* TASK OBJECTIVE: Where the line containing "Iola, WI - July" appears below, start there and repeat each line exactly to the end. Leave the pictures out.

(DATA Opens)

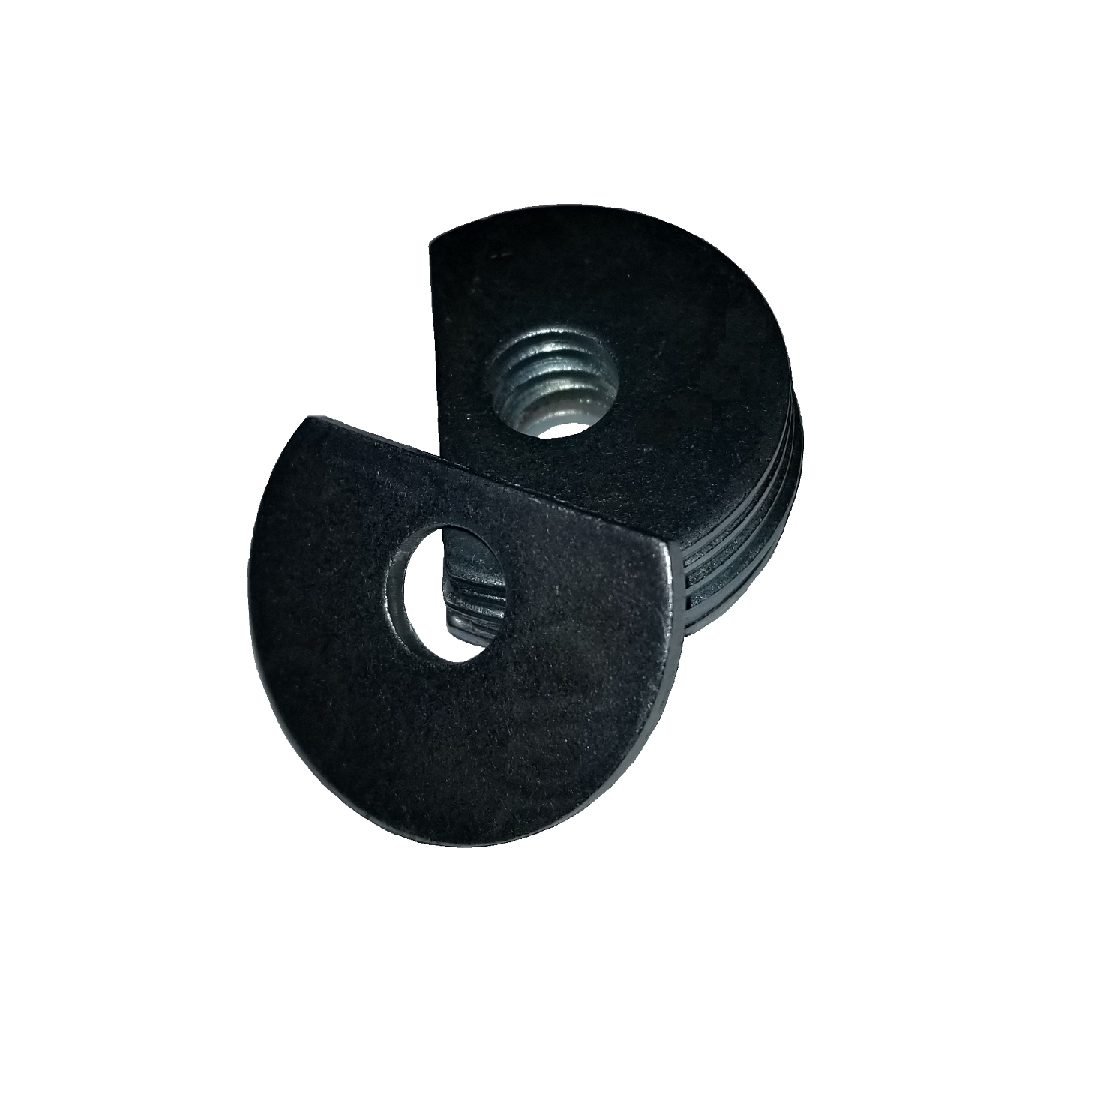 Clipped OD Washer - 2.156 ID, 3.750 OD, 0.187 Thick, Spring Steel - Hard, Black Oxide
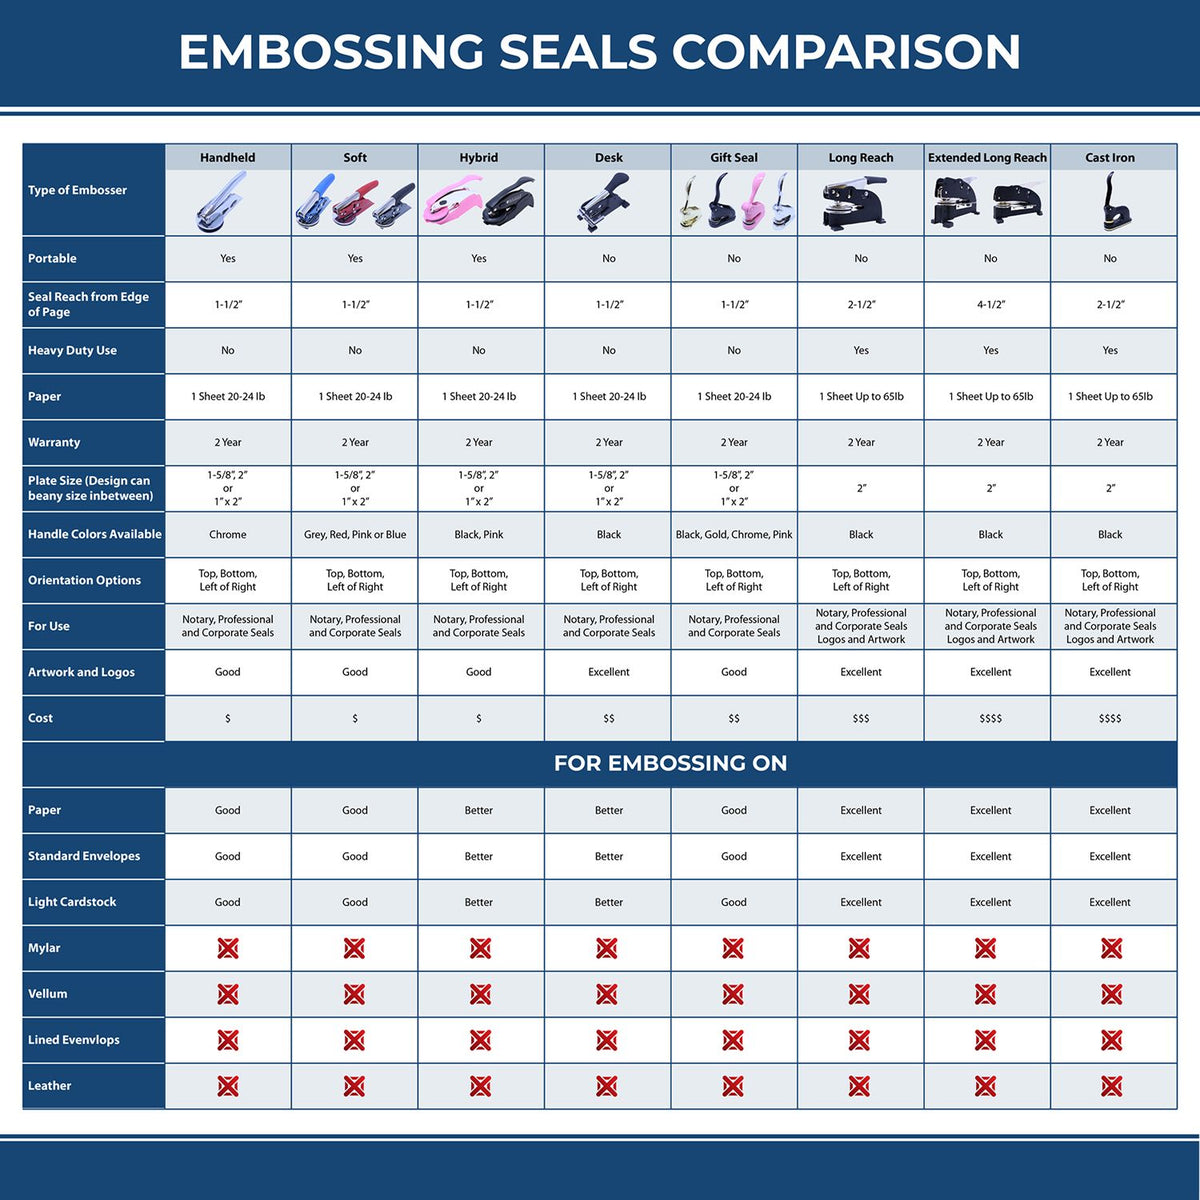 A comparison chart for the different types of mount models available for the Hybrid South Carolina Engineer Seal
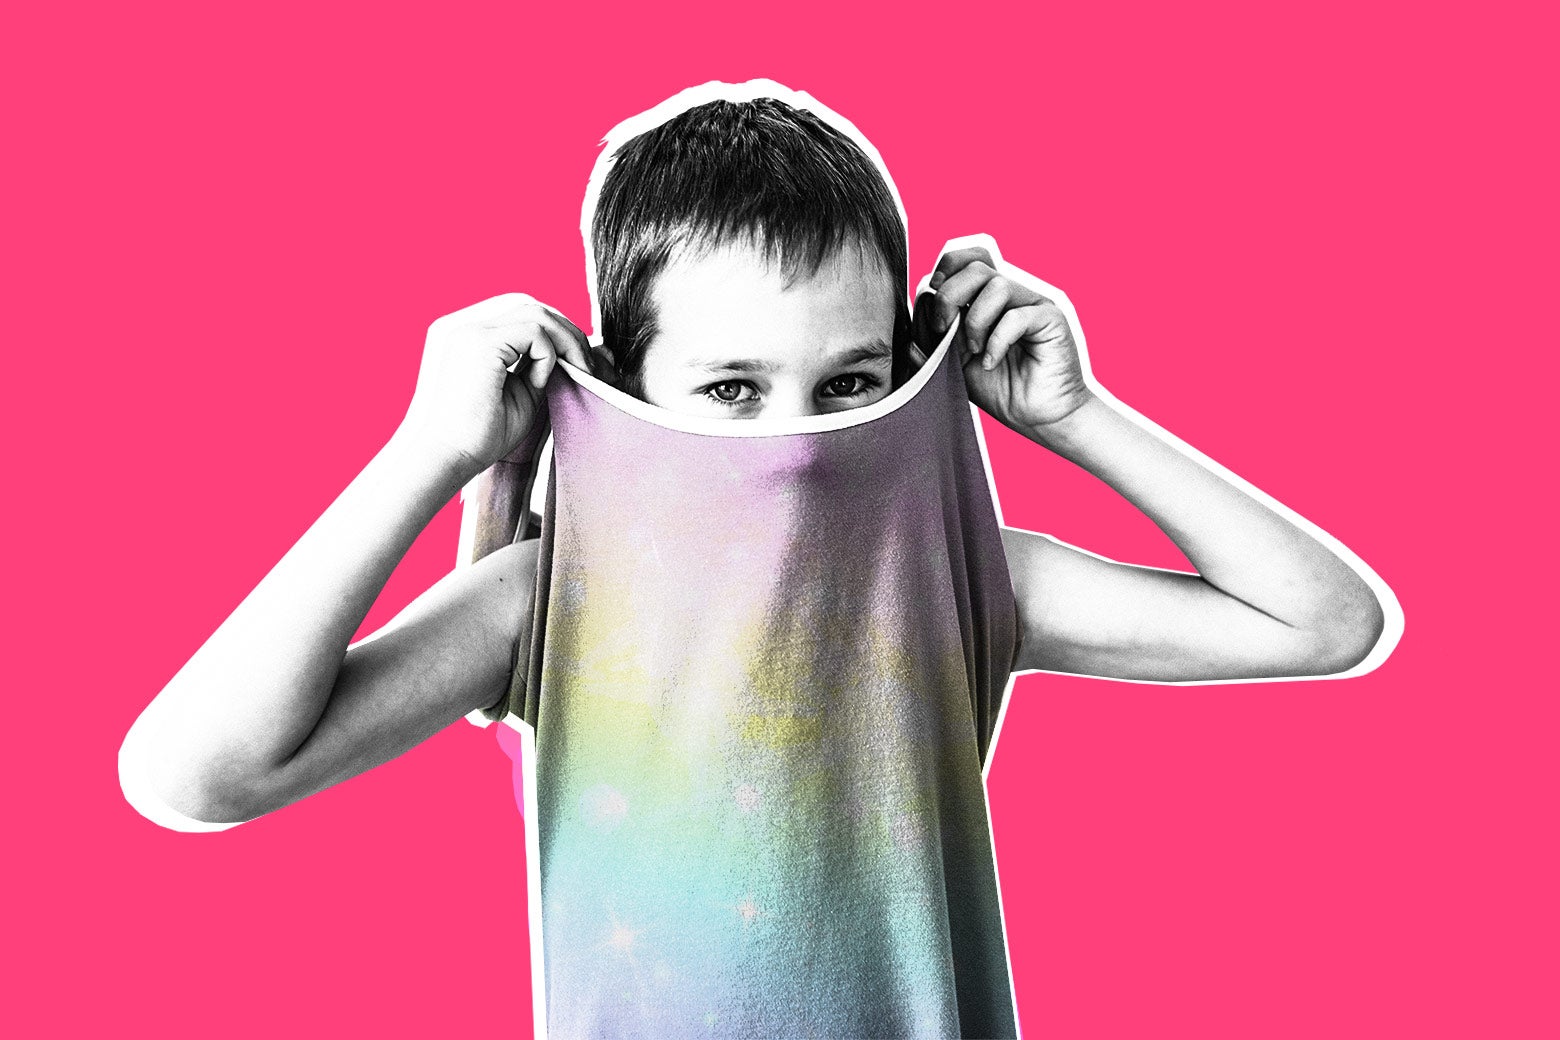 Child removing a dress by pulling it over their head, against a pink background.
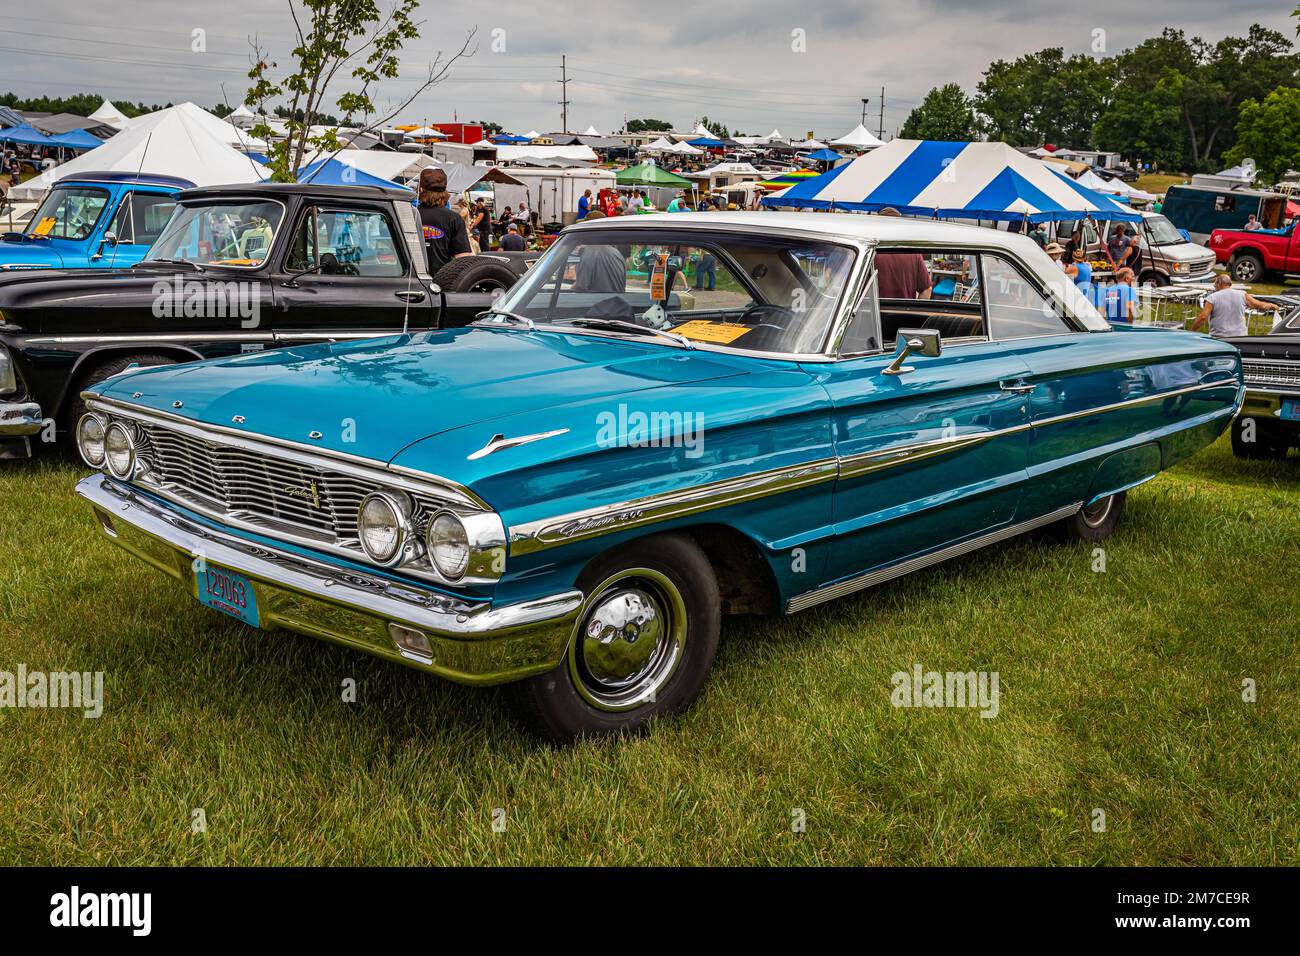 Iola, WI - July 07, 2022: High perspective front corner view of a 1964 Ford Galaxie 500 2 Door Hardtop at a local car show. Stock Photo
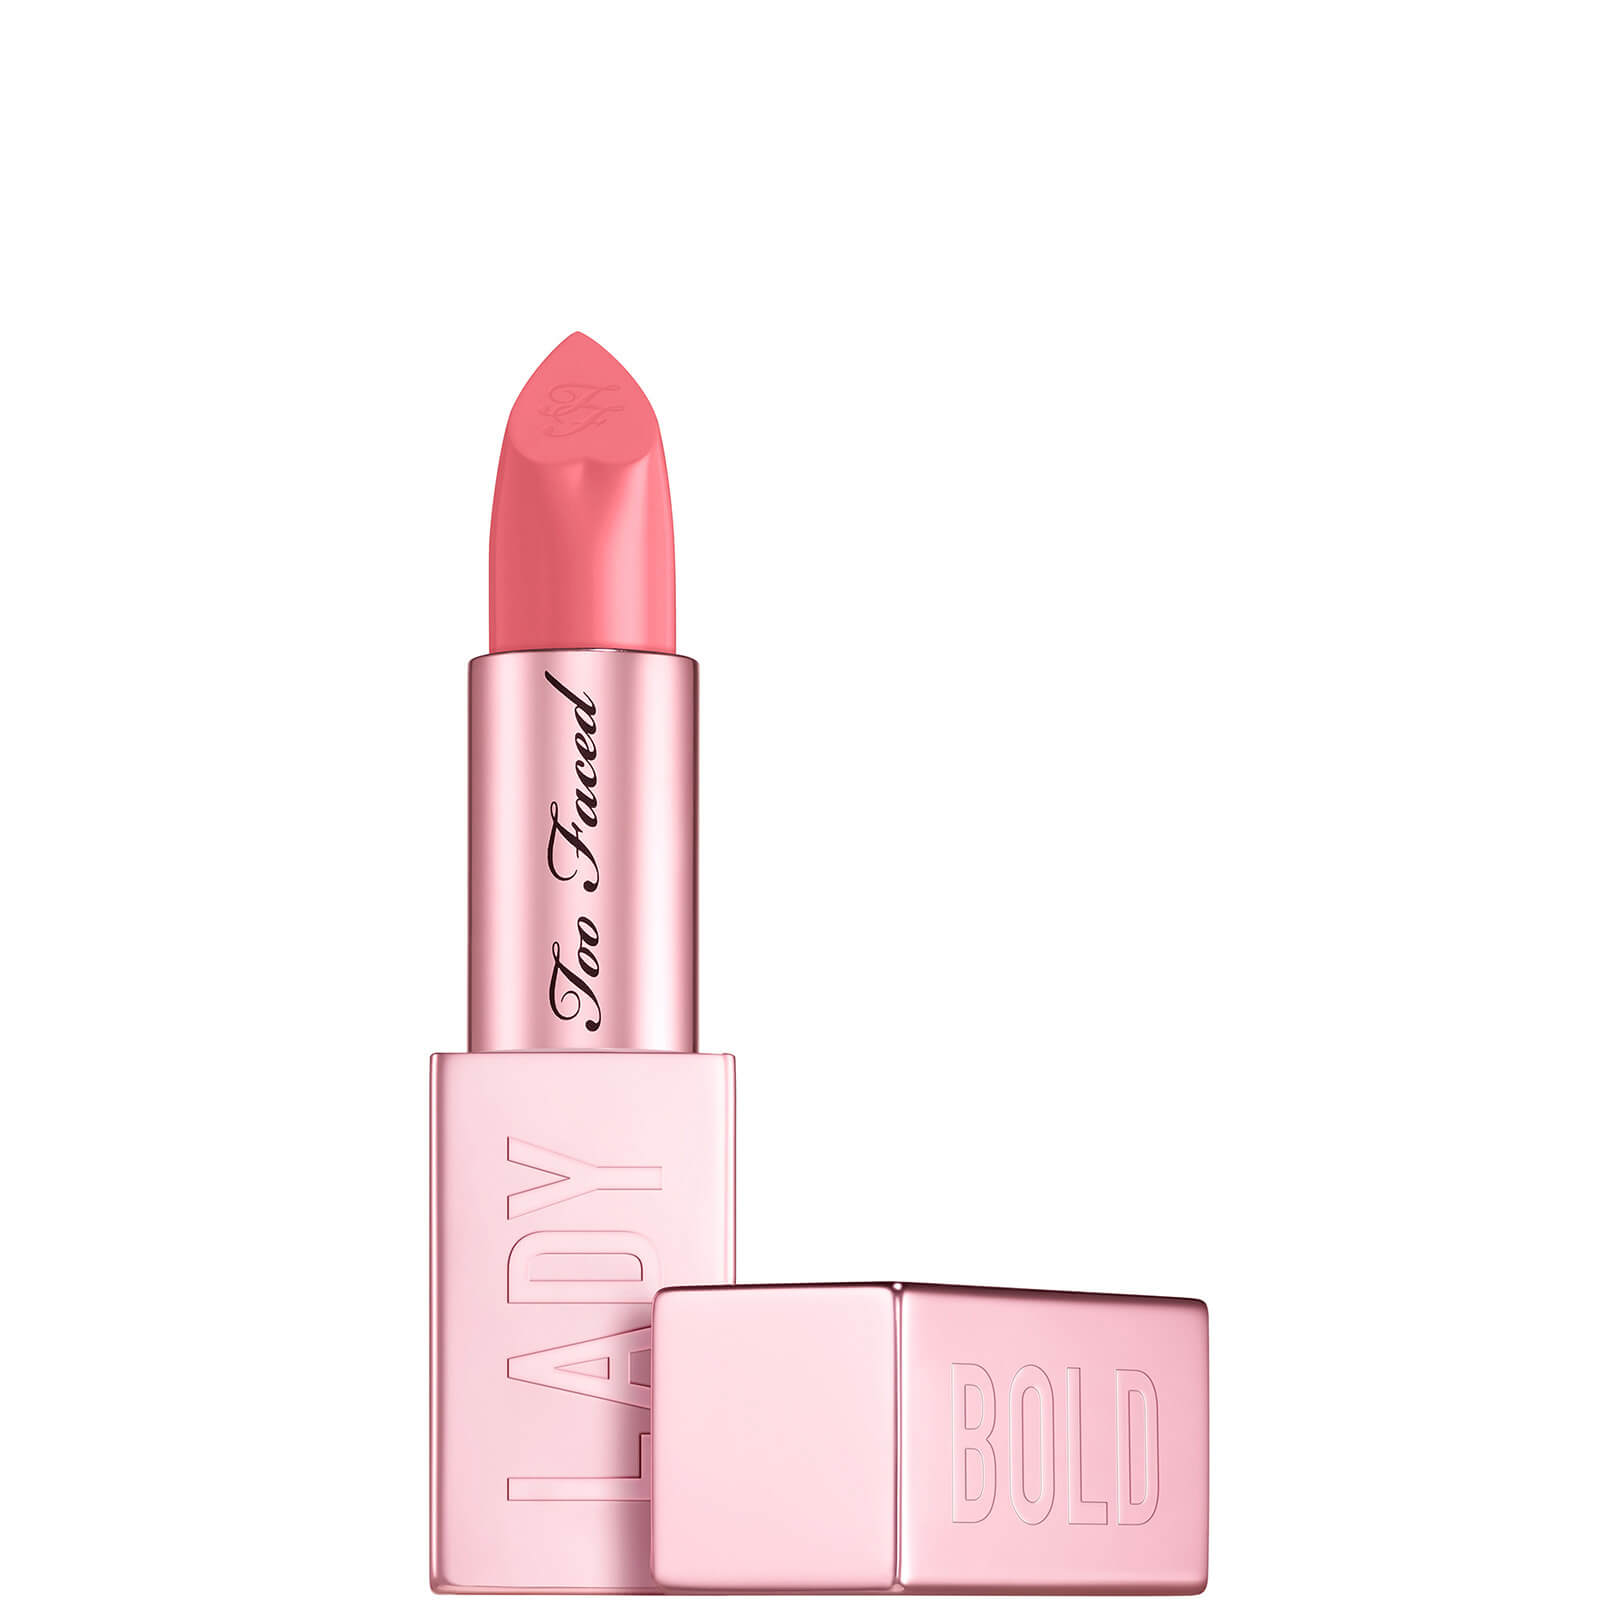 Too Faced Lady Bold Em-Power Pigment Lipstick 4g (Various Shades) - Hype Woman

(DATA Closes)

* RESULT OF THE EXERCISE:
 Iola, WI - July 07, 2022: High perspective front corner view of a 1964 Ford Galaxie 500 2 Door Hardtop at a local car show. Stock Photo
 Too Faced Lady Bold Em-Power Pigment Lipstick 4g (Various Shades) - Hype Woman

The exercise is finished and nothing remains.